A typical use-case of this would be the submission of a single fully assembled genome from a mixed DNA sample (i.e., from a metagenomic source). There are exceptions where this taxonomy should not be used: for example, organisms which can be reliably recovered from their diseased host (e.g., endosymbionts, phytoplasmas) and organisms from samples which are readily identifiable by other means (e.g., cyanobacteria); organisms such as these are not considered uncultured/environmental in the way described here. If you are unsure whether your sample should be registered as environmental, contact our helpdesk for assistance.
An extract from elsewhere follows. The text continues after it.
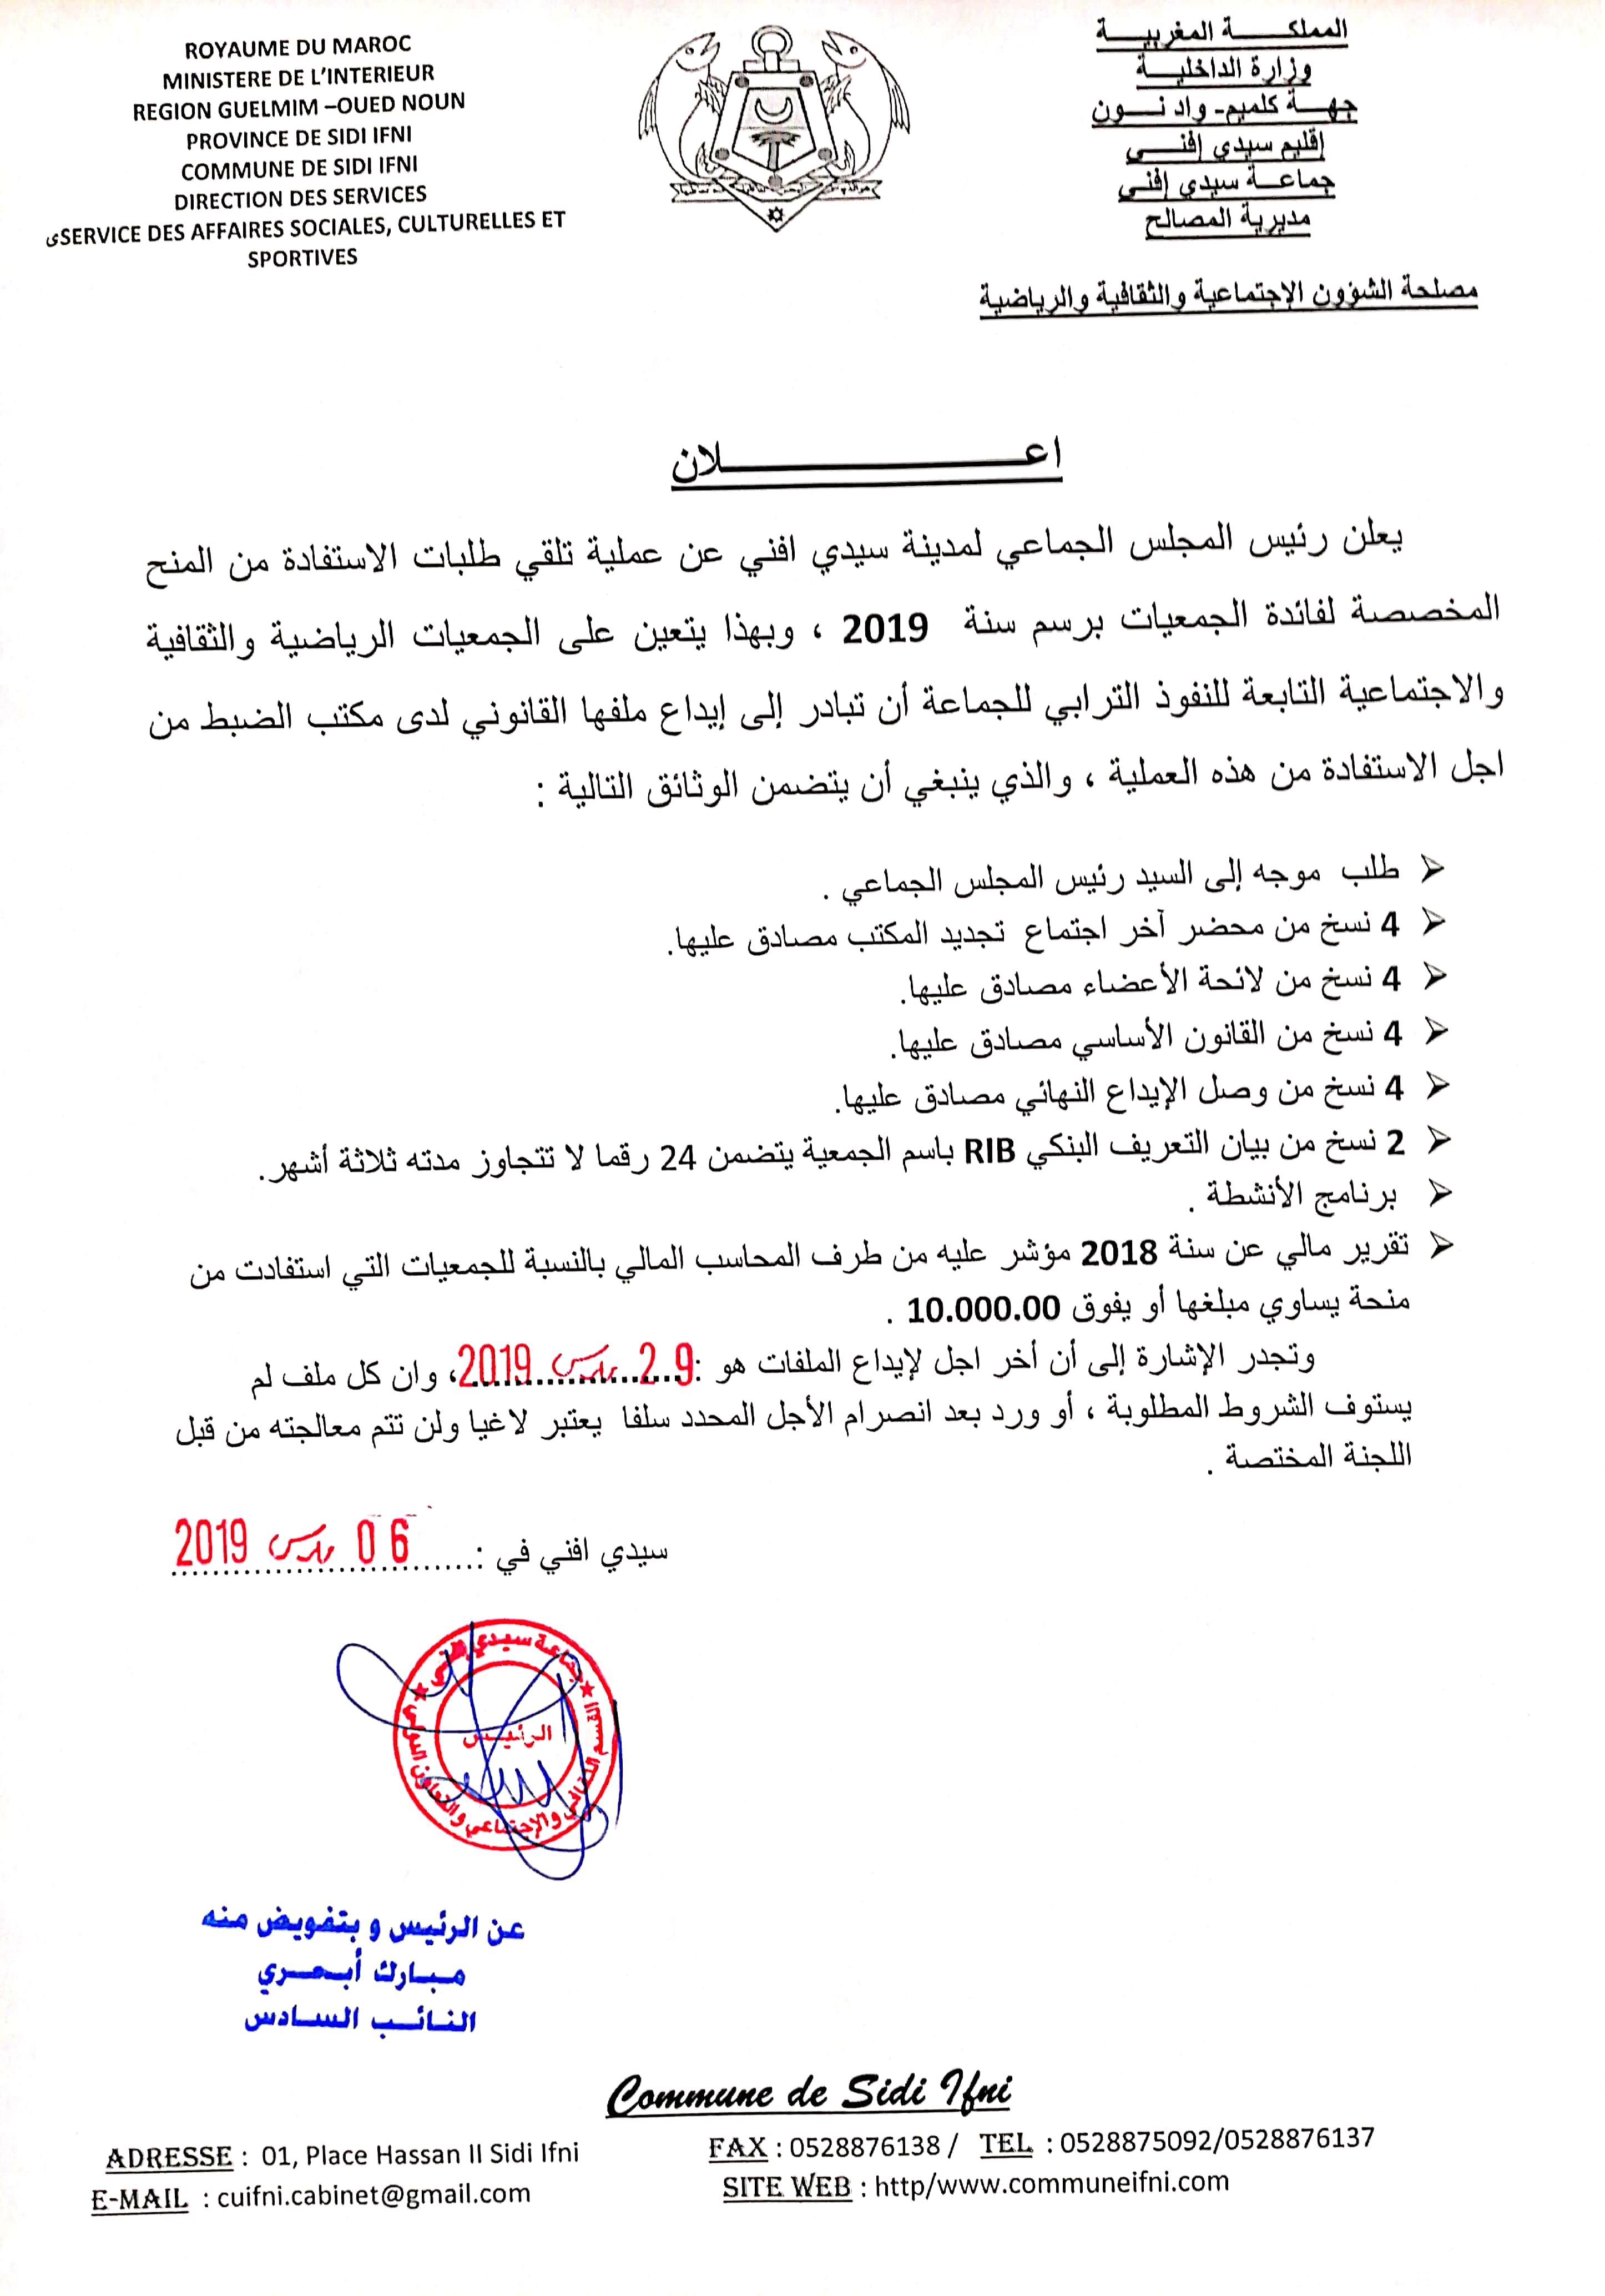 Nouveau document 2019-03-06 12.05.15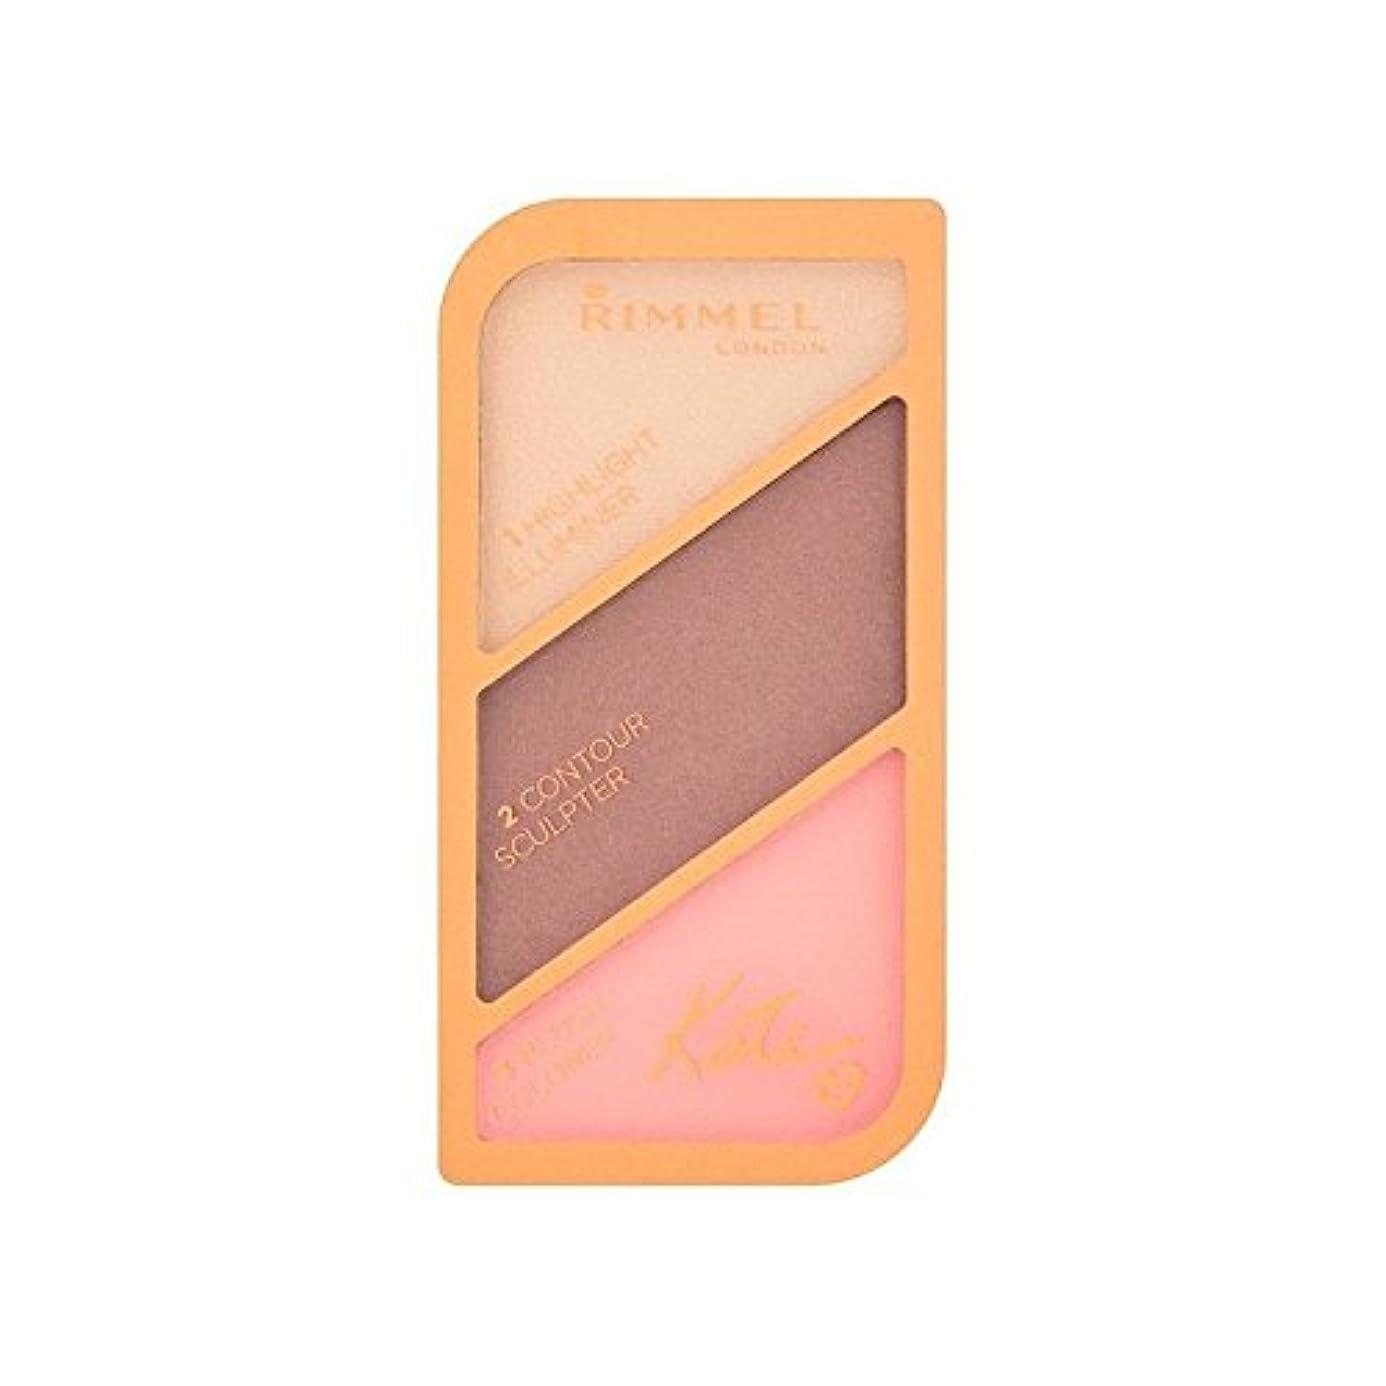 投資する悪化させる痛いRimmel Kate Moss Sculpting Palette Golden Bronze 003 (Pack of 6) - リンメルケイト?モスの彫刻パレット黄金のブロンズ003 x6 [並行輸入品]

Environmental organism-level taxa are usually prefixed with the term uncultured and are not allowed to have a species epithet. Some examples of basic organism names that can be used include:

  • uncultured bacterium (taxid:77133)
  • uncultured archaeon (taxid:115547)
  • uncultured cyanobacterium (taxid:1211)
  • uncultured prokaryote (taxid:198431)
  • uncultured fungus (taxid:175245)
  • uncultured eukaryote (taxid:100272)

Where possible, you should register your samples with the most granular identification possible, up to Genus level. For example, for prokaryotes, the format is:

uncultured <Rank> sp.

e.g. uncultured Bacillus sp.

For Fungi, the ‘sp.’ is dropped:

uncultured <Rank>

e.g., uncultured Glomus

When registering samples that use uncultured taxonomy, a general environmental record should also be registered to describe the biome that was originally sequenced. This biome-level environmental sample should also be referenced within the organism-level sample using the “sample derived from” attribute.